Every member of the food allergy community “preps” on a regular basis. We “prep” safe foods for school lunches, special trips, and just everyday eating. We also “prep” by always carrying epinephrine and diphenhydramine (Benadryl) in addition to various creams, lotions, asthma medications, etc. Preventative measures are a part of who we are and what we do in regards to food allergy.

As we are more vigilant than many in our day-to-day lives so we need to be more prepared in emergency situations.

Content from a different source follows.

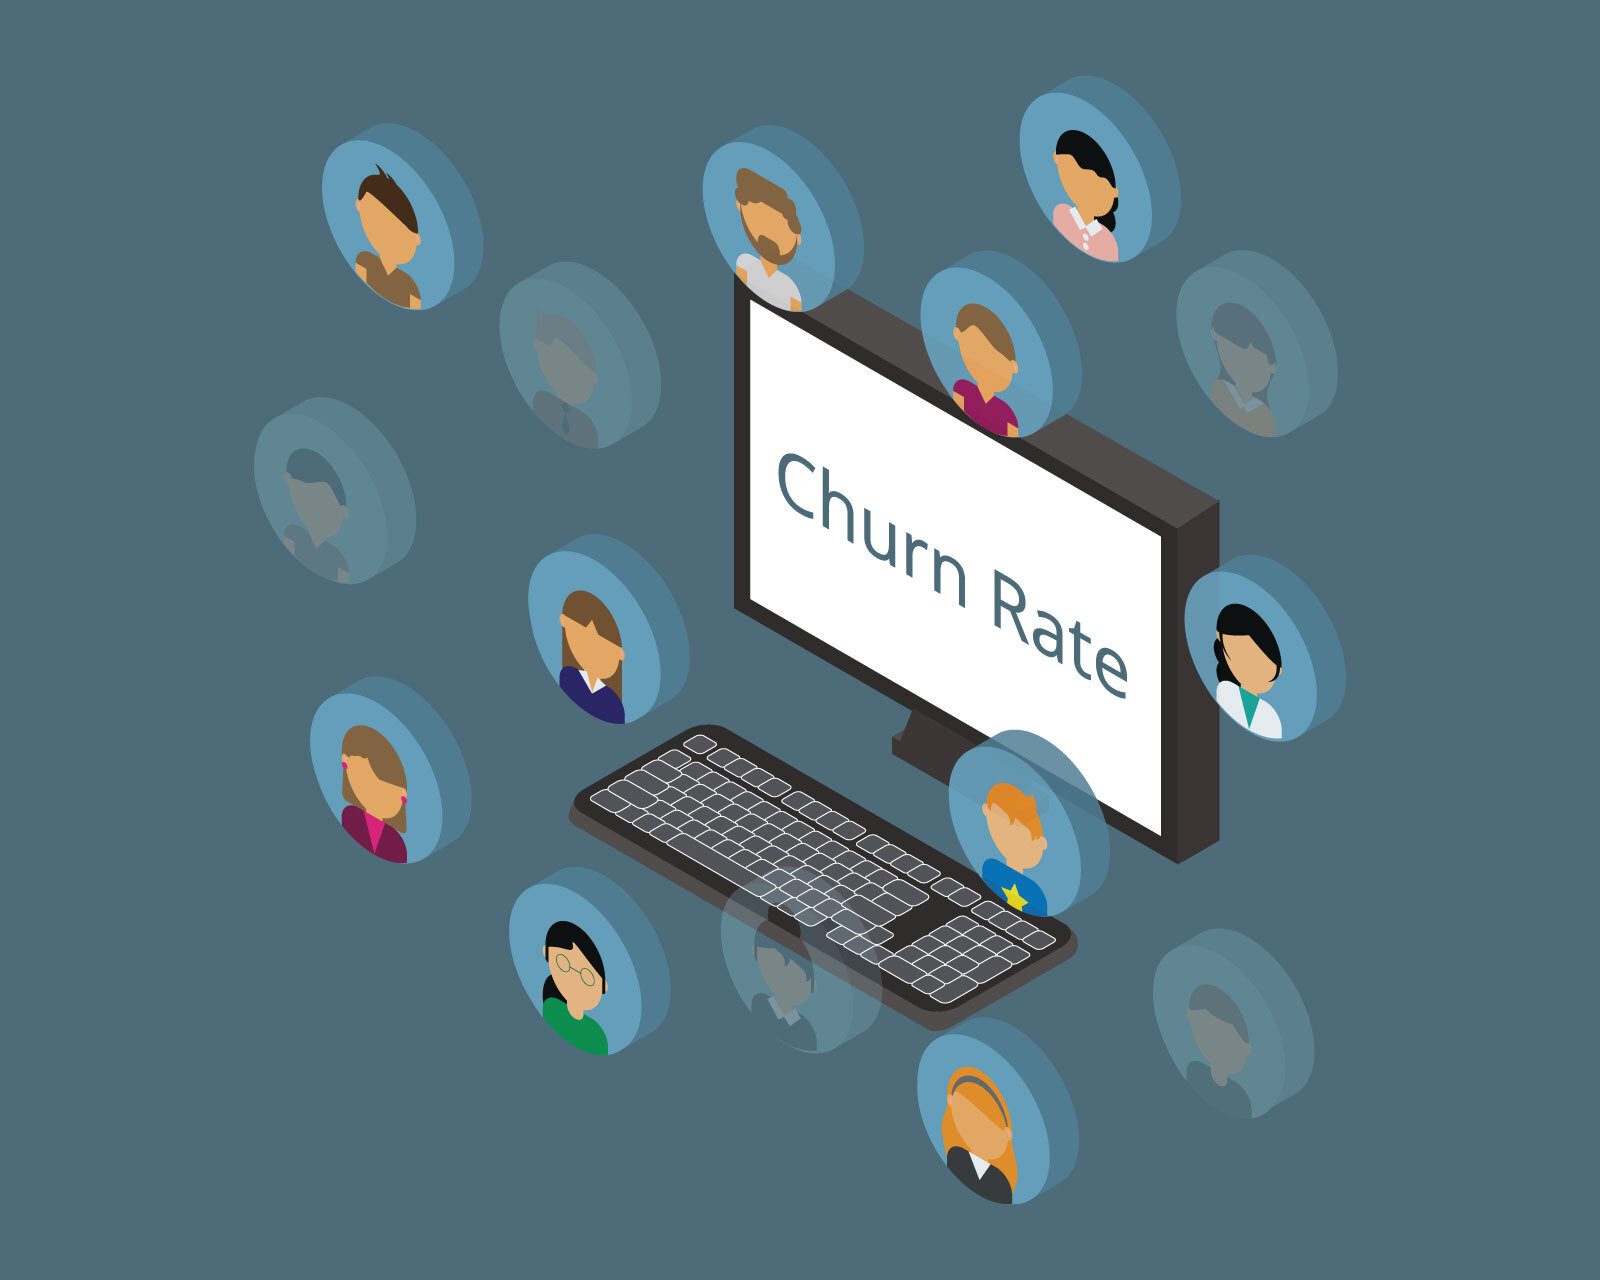 churn rate
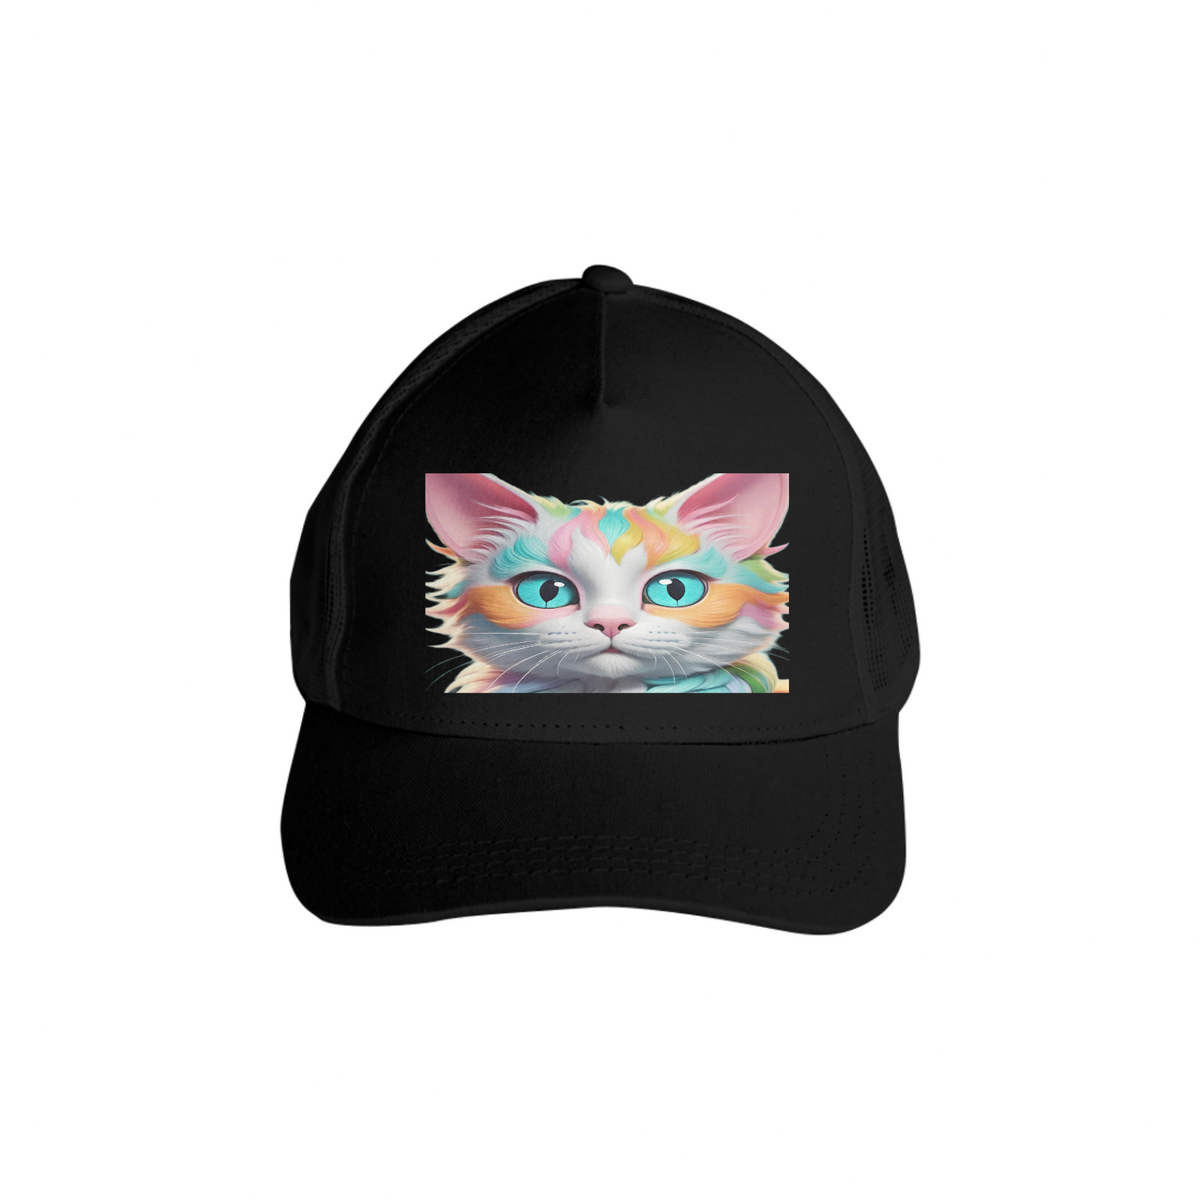 Nome do produto: Boné gato arco iris

Stuck on the WV Turnpike via WSAZ

We are fundamentally a community of preparedness but what happens in the event of an emergency when essentials such as water and power are unavailable for extended periods of time? Could you prepare safe foods for your family in the event of a massive power outage (West Coast 2011) or a water crisis (Charleston, WV)?  What if you were stranded in your car on an impassable highway? You may think it’s not likely, but I bet that’s what people in Atlanta (aka Hotlanta), GA thought in January of this year when a snow and ice storm brought the city to a standstill.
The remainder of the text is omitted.